**Material for this task**

▽

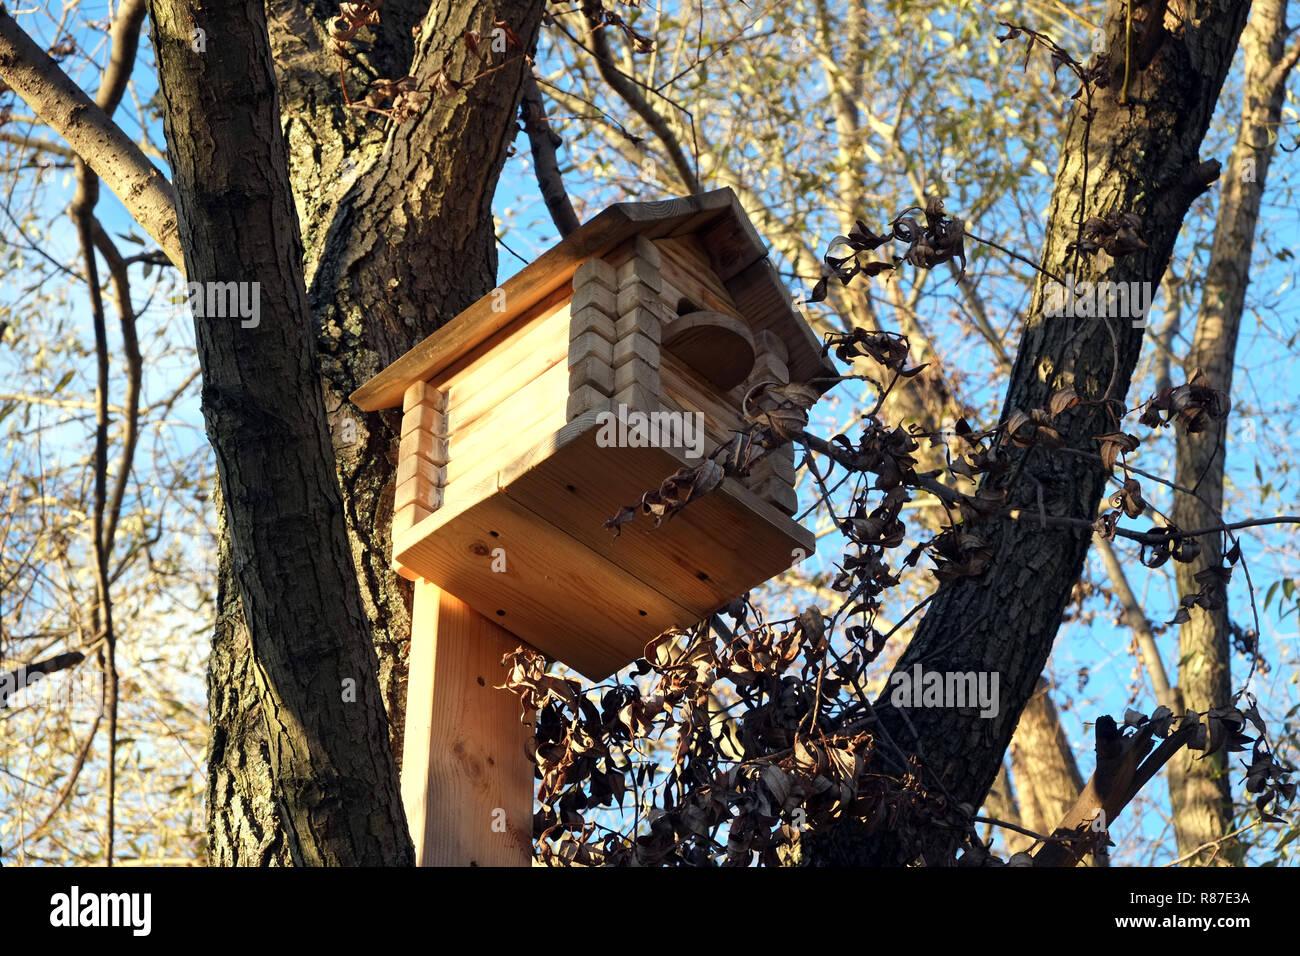 Große neue Holz- Vogelhaus hängend an einem Baumstamm an einem sonnigen Tag im Herbst Wald Stockbild
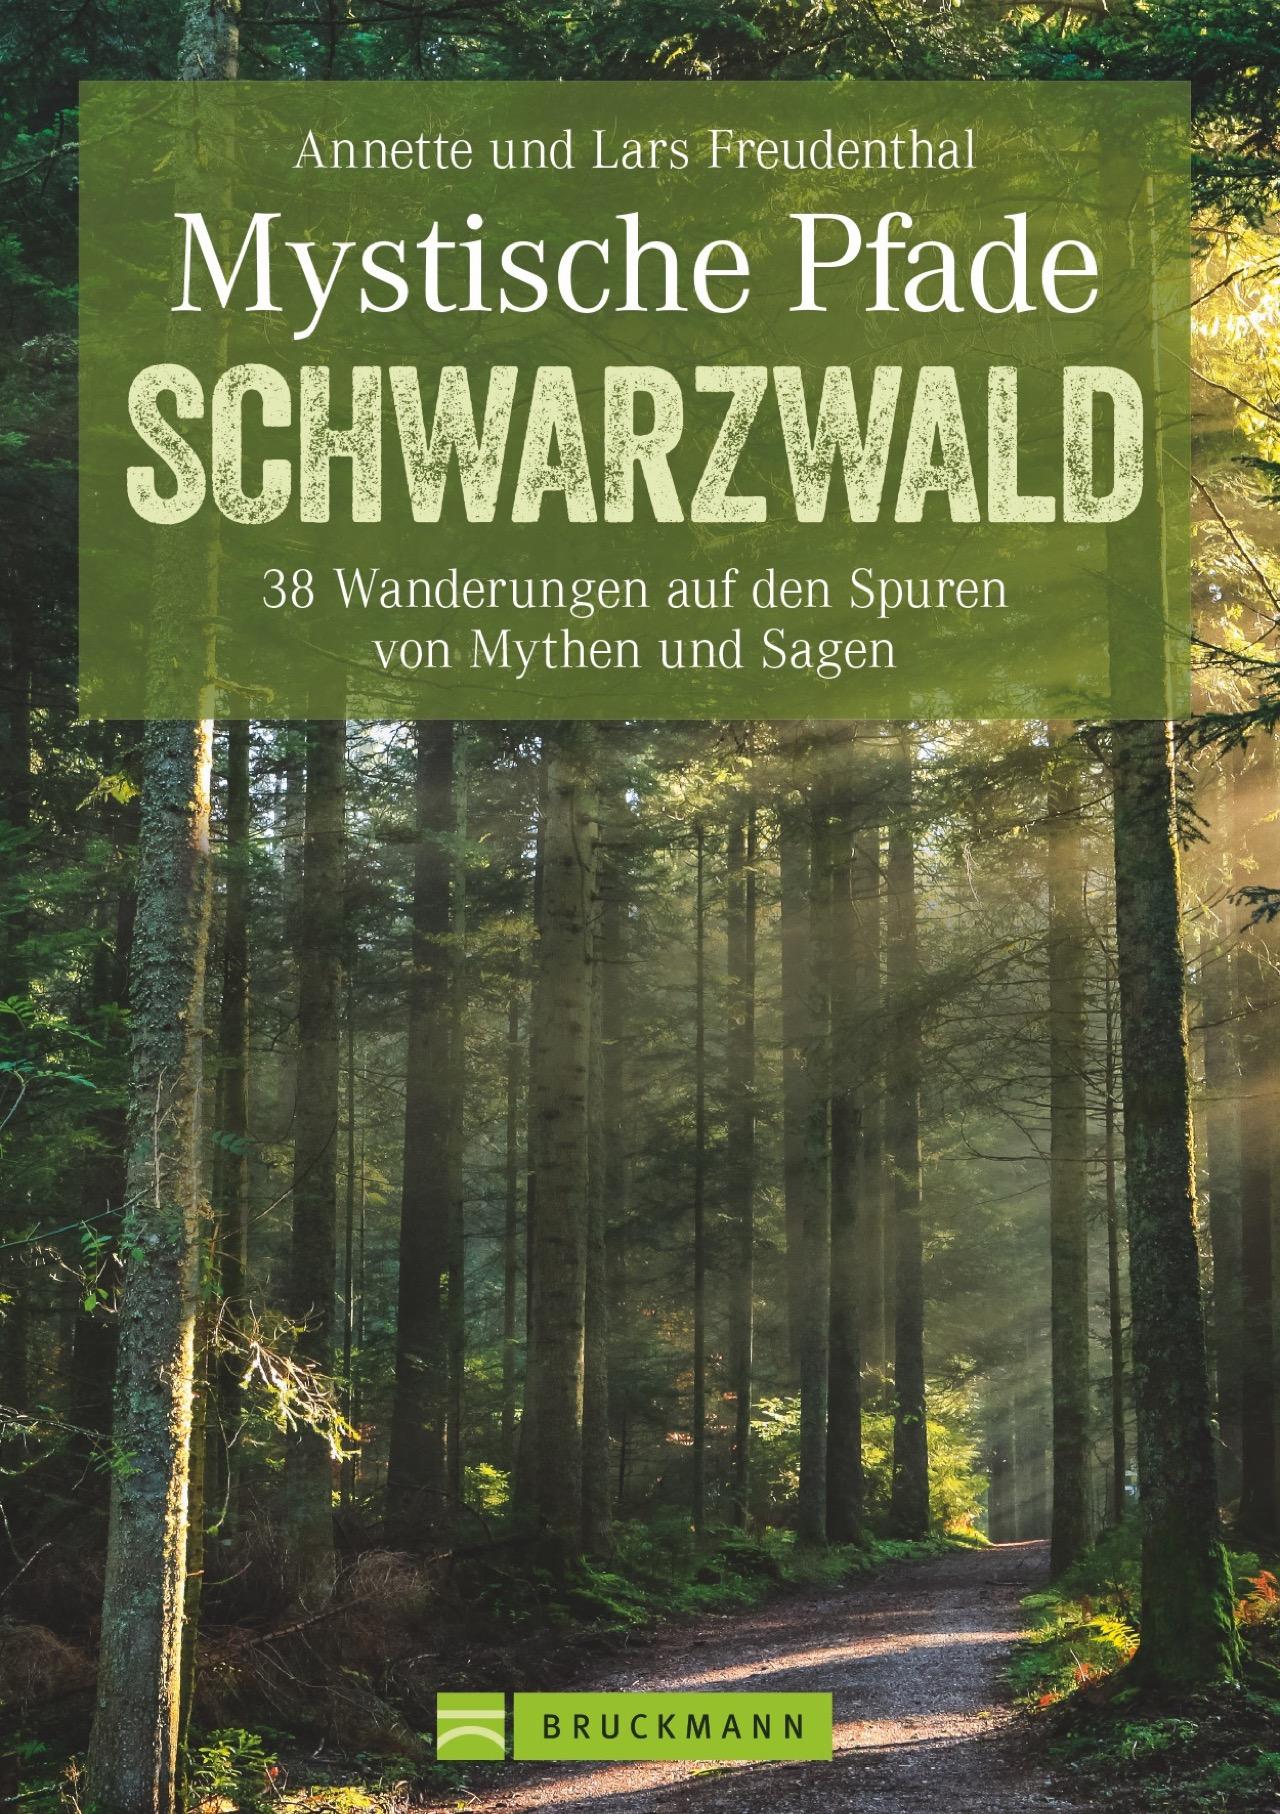 Mystische Pfade Schwarzwald Lars Freudenthal 9783765482649
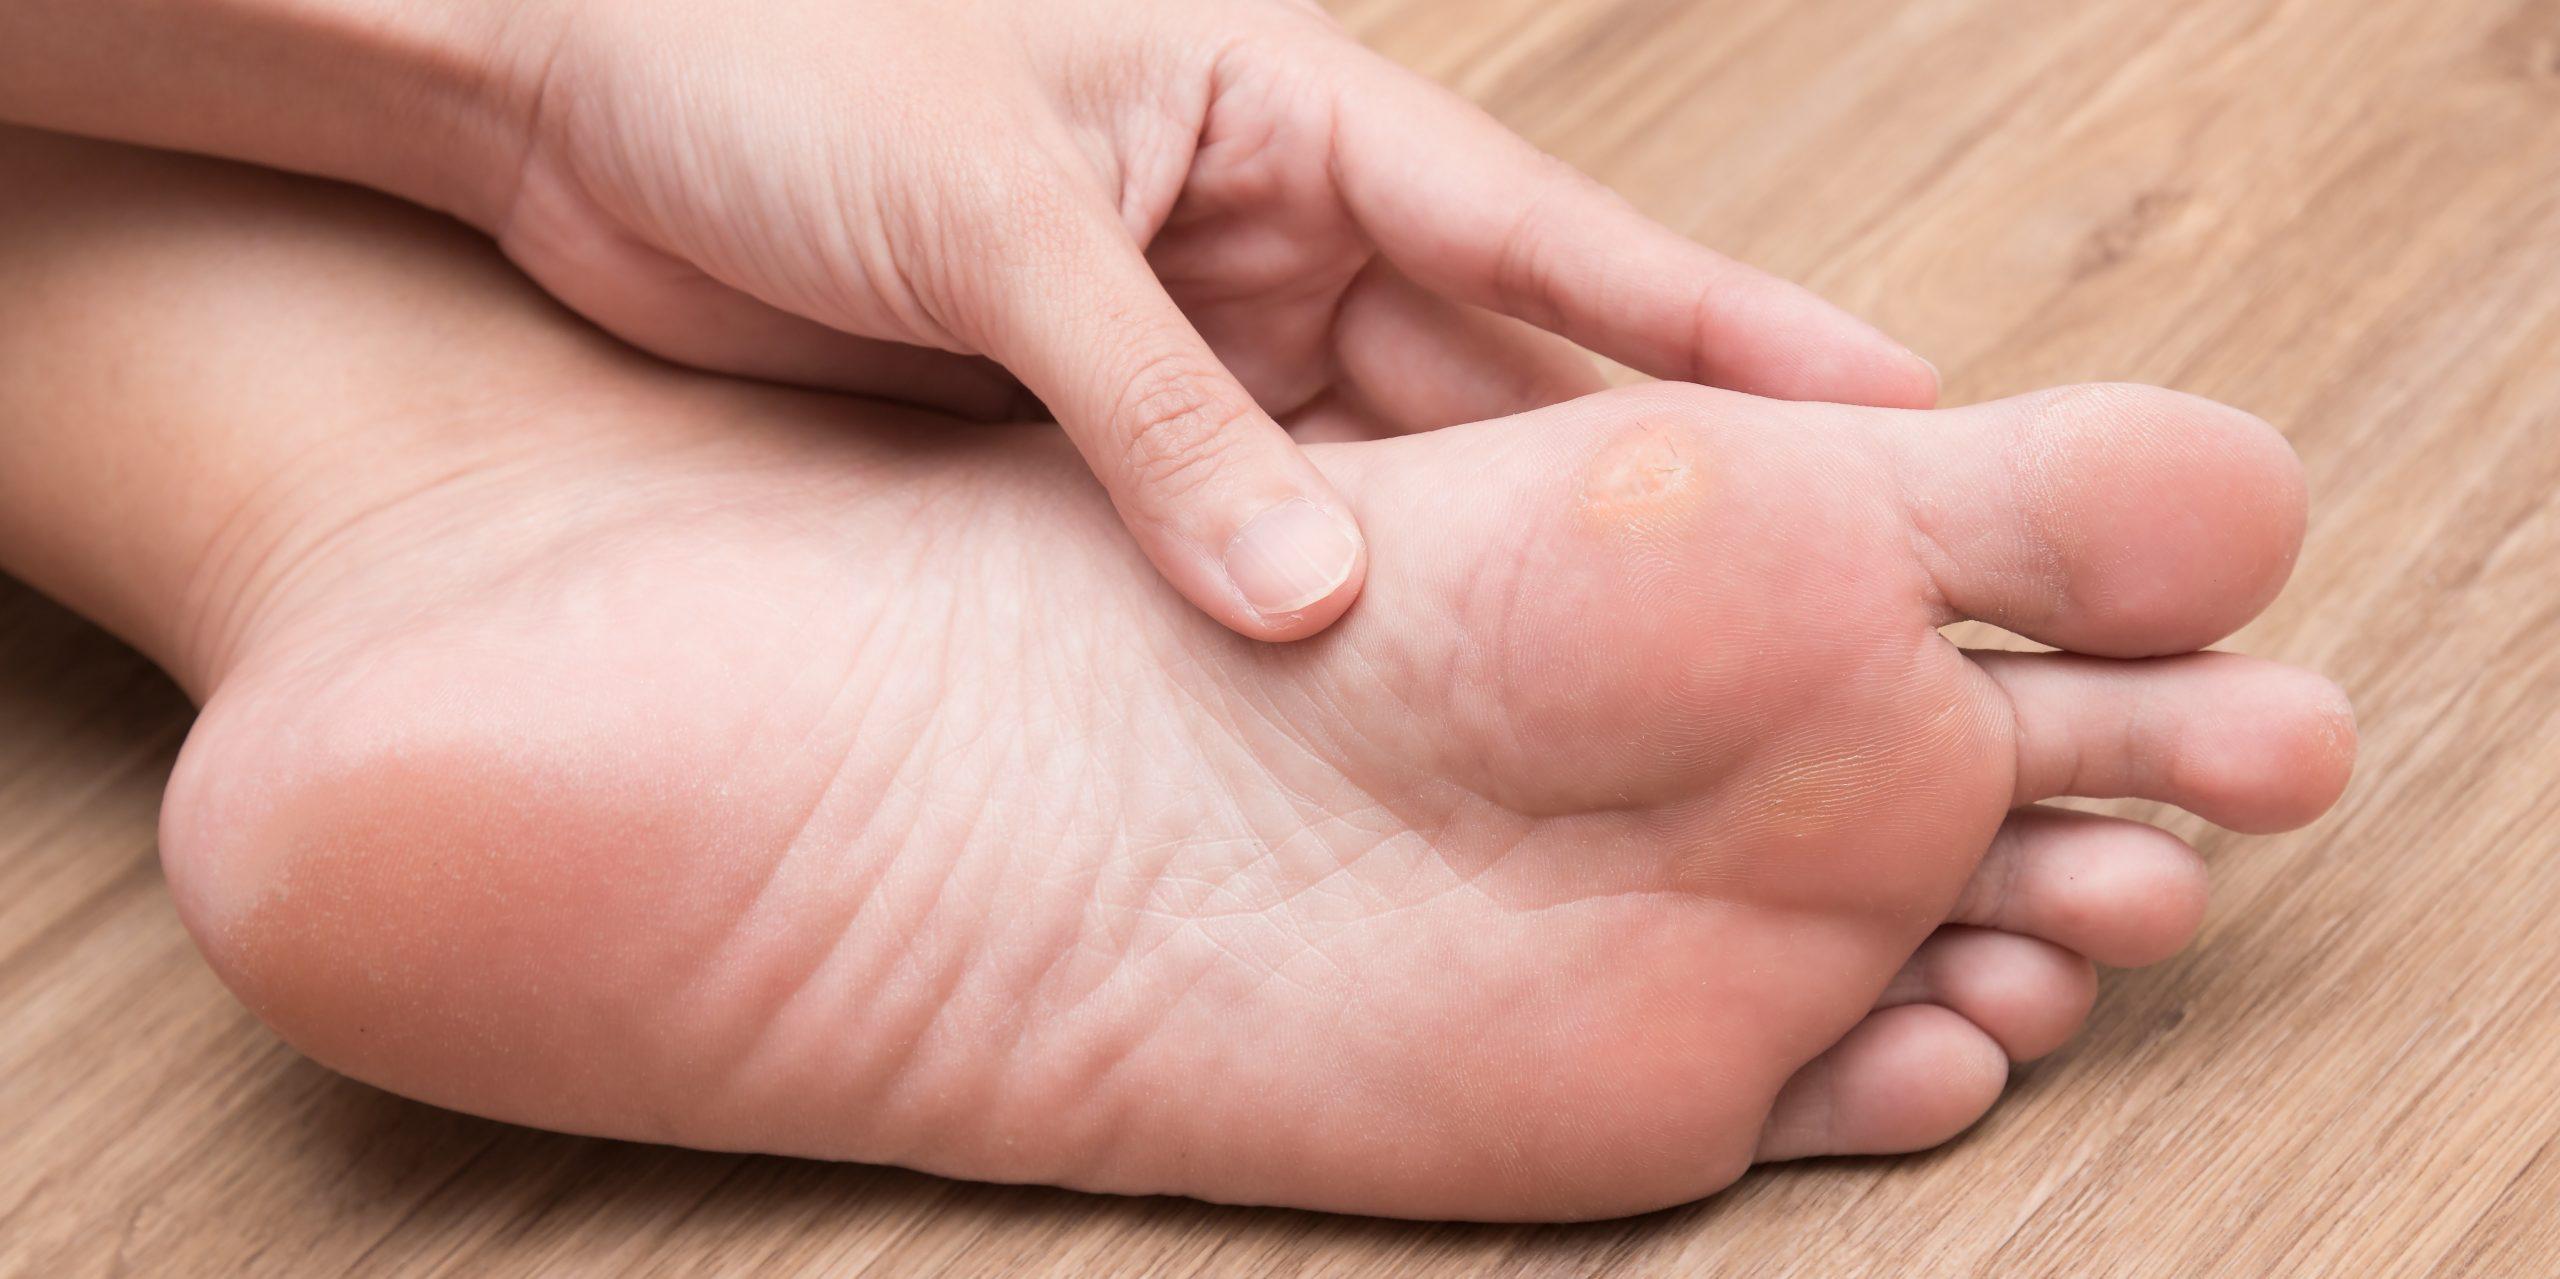 Γυναίκα που υποφέρει από κάλο στο πόδι
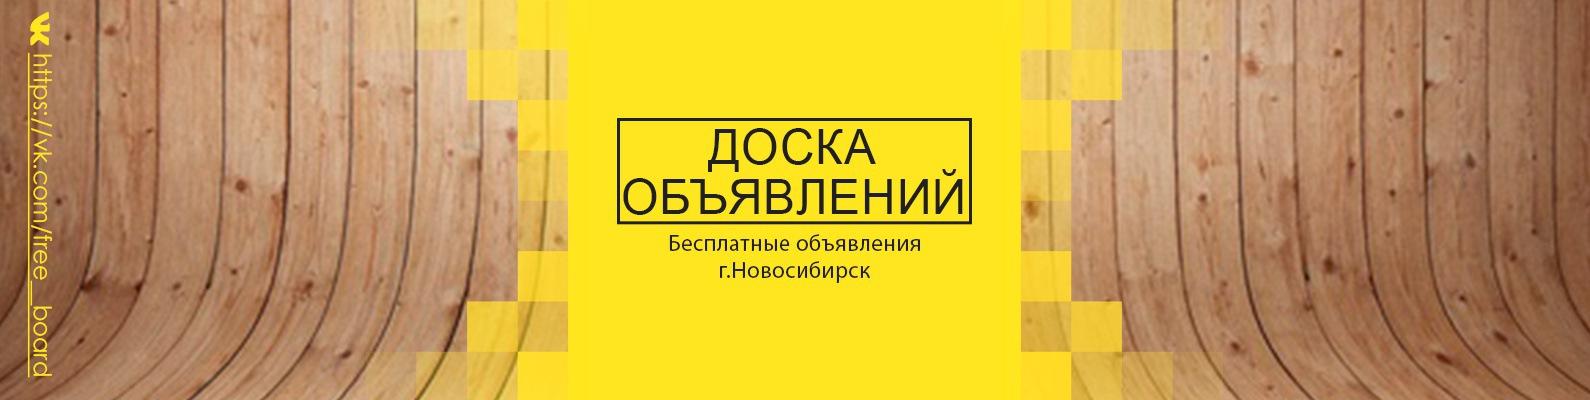 фото доска объявлений в новосибирске места, где
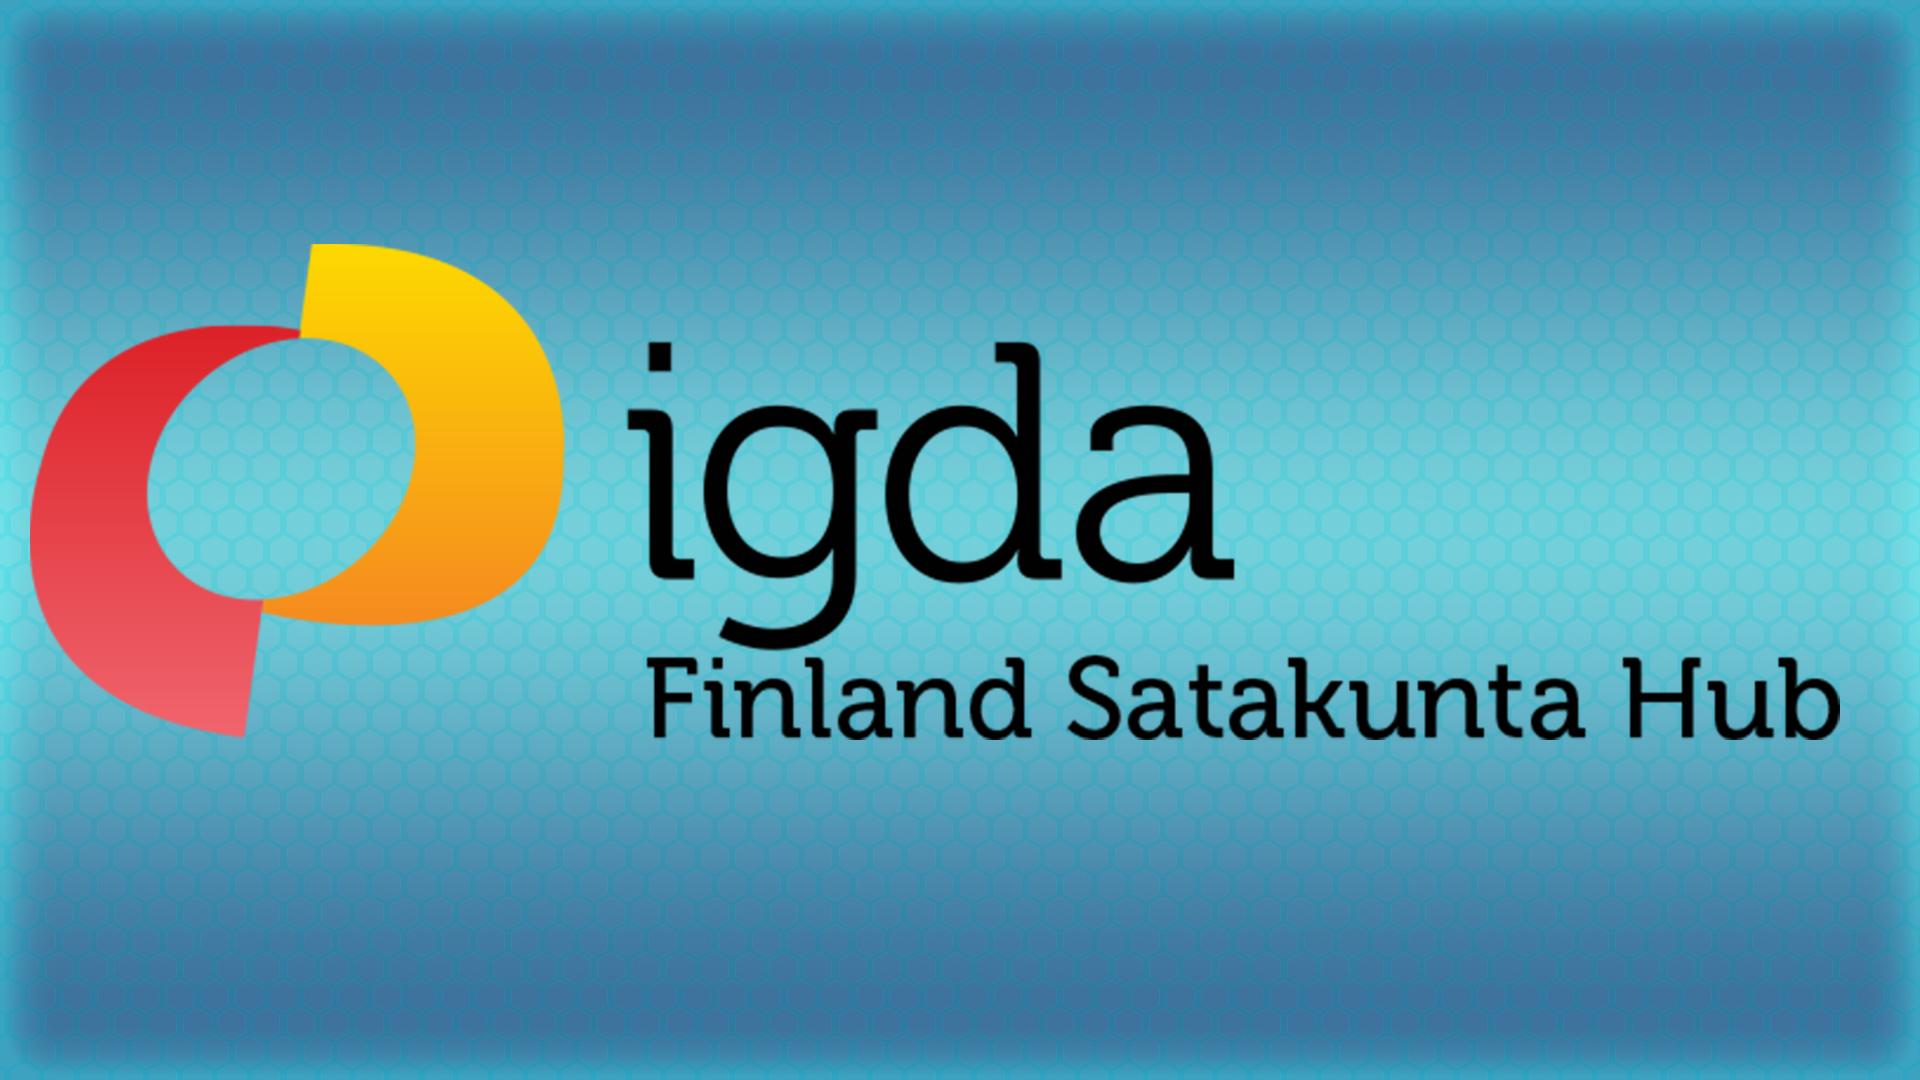 igda_logo_1920x1080.jpg

△

**Problem to solve**
Would you transcribe, exactly and only, the lines from the one that contains "Γυναίκα που υποφέρει από κάλο στο πόδι" through the last line of the data above, without any pictures?

**Your solution**
 Γυναίκα που υποφέρει από κάλο στο πόδι
 фото доска объявлений в новосибирске места, где
 igda_logo_1920x1080.jpg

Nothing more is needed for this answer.